I was a subject of a ‘Panorama - Is the Labour Party Antisemitic’ interviewee.

The journalist never approached me for comment before broadcasting an interview which was personally damaging, politically offensive and abusive.

In the section which shows Ms Green Withers, who it was strongly suggested had met me (I have never met her) the journalist begins by making an extraordinary statement; that I had ‘a blind spot where antisemitism is concerned’. This was made without evidence, again without allowing comment from me. This is offensive enough but given my experience of actual physical racist abuse, present day threats (including from Ella Rose, the first person interviewed for the programme; note  https://electronicintifada.net/blogs/asa-winstanley/jewish-labour-movement-director-investigated-violent-threat), it’s extraordinary. Given I am Jewish, have a Jewish partner, am a member of 2 Jewish organisations and have a lifelong record as an anti-racist trainer, activist and writer, that the BBC, as a public broadcaster, allowed a wide audience to hear such unsubstantiated offensive, smearing and abusive claims is more than reprehensible.

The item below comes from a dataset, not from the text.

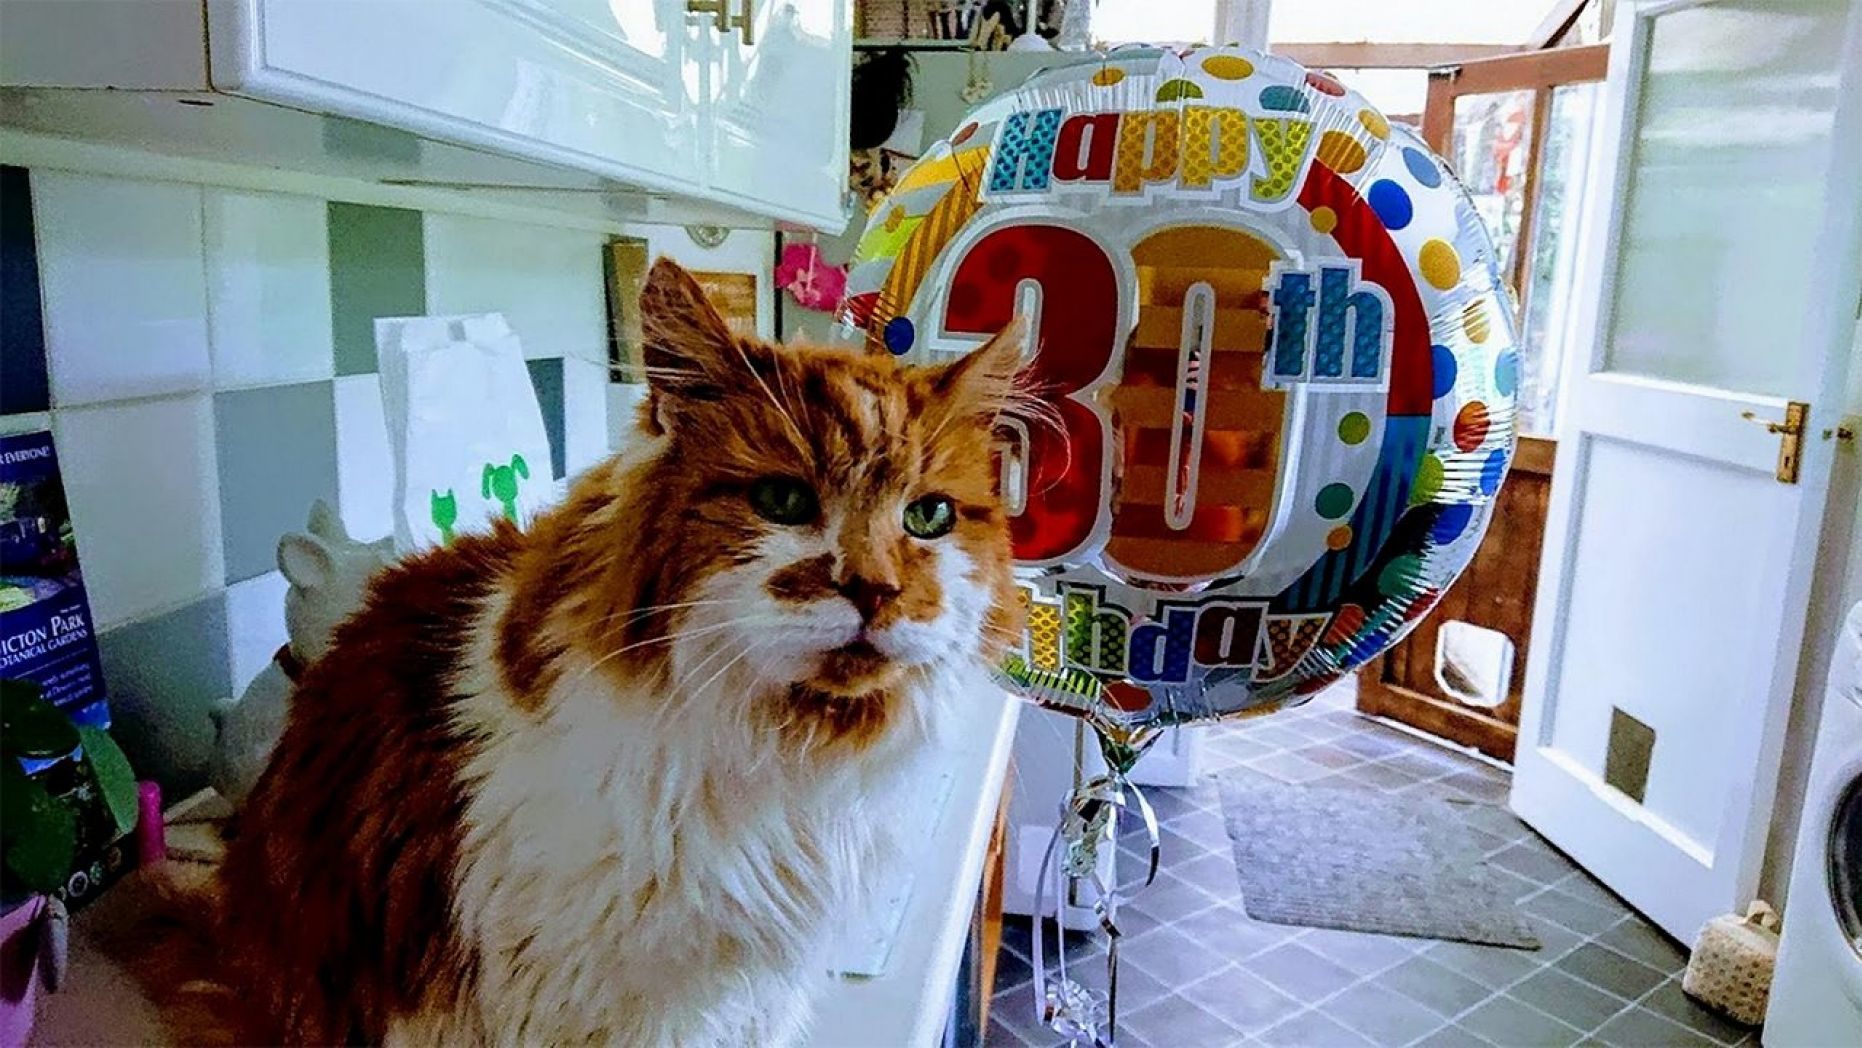 Rubble The Cat Celebrates 30Th Birthday With Owner Since 1988 - World Of Buzz
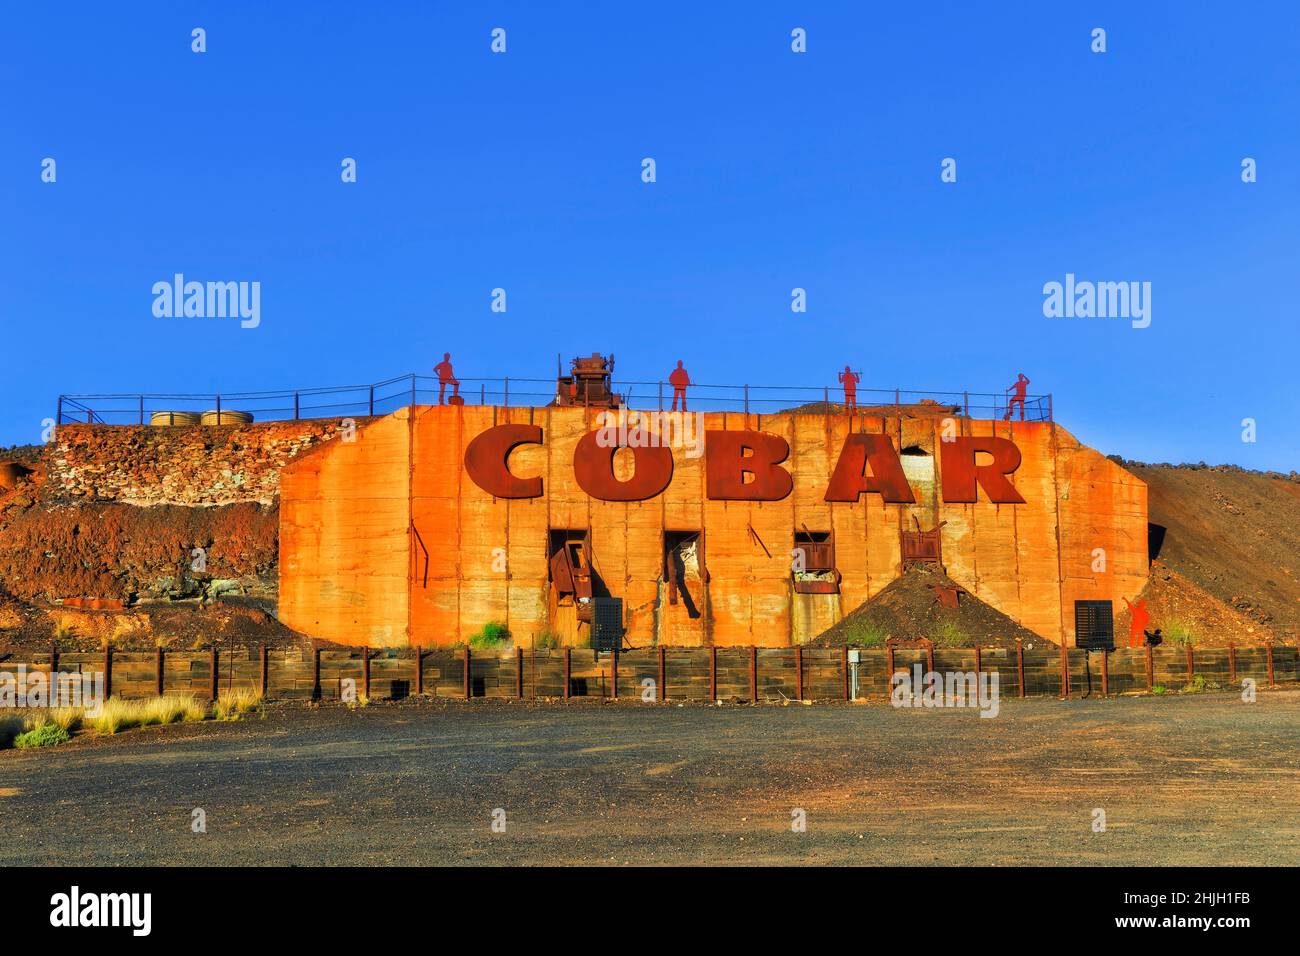 Cobar, Australia - 30 Dec 2021: Welcome to Cobar mining town in Australian outback - historic road sign. Stock Photo

Neither was mention made that (after investigation) I was exonerated for comments on the sugar and slave trade. (I believe) Sam Matthews authored an email, now in my possession, following a data access request to the Labour Party, describing the complaint against me as weak and one that should not have led to my suspension.

Withers Green’s comments that I claim Jews are unwelcoming to black people are again unfounded and most offensive. Again, where is the evidence?

This abuse was repeated on BBC news, followed by the press, other media and News 24 and I’m told syndicated  across the world repeatedly.

I ask the BBC to find a way to redress the damage that has been done to my reputation and well being


[11] Marge Berer, letter sent to the Observer

13 July 2019

To the Editor,

It seems your pages are overflowing with stories of verbal assault these days - just today, for example, against the Civil Service in the case of Kim Darroch and once again (and again and again) against the Labour Party. (Jewish figures rail against Labour’s handling of antisemitism charges, Observer, 14 July)

Shami Chakrabarti carried out an investigation of anti-semitism in the Labour Party, and her findings were trashed by prominent members of the Jewish community as not being independent. Yet a more ethical, professional and experienced person for such a task would be hard to find. Now the Equality and Human Rights Commission are conducting an independent review which it will be impossible to reject on grounds of lack of independence. But can the people who want to destroy the Labour Party keep shtum and let the EHRC get on with it? No, they have to go in for the kill now, in case the evidence doesn’t go their way once again.

I have been a member of the Labour Party for decades. I am Jewish, but not a “prominent member of the Jewish community”. But I do believe in truth and justice, not verbal assaults. I have never experienced anti-semitism in the Labour Party. Not the kind that is against the law, I mean. Real anti-semitism. I could easily gather together as many Jewish Labour Party members as the Panorama programme did who have never met any serious anti-semitism in the Party. The illegal kind, that the EHRC are looking for. There are many non-Jewish Labour Party members who, if asked, would also say they have never met any serious anti-semitism in the Party either. We may not get a programme on Panorama, or a front page story in the Guardian. But we could all give evidence of a lack of anti-semitism to the EHRC if they will listen.

I believe the continuing verbal assault on the Labour Party is what is really shameful here. I wish to disassociate myself publicly from these “prominent members of the Jewish community” because they do not speak for me.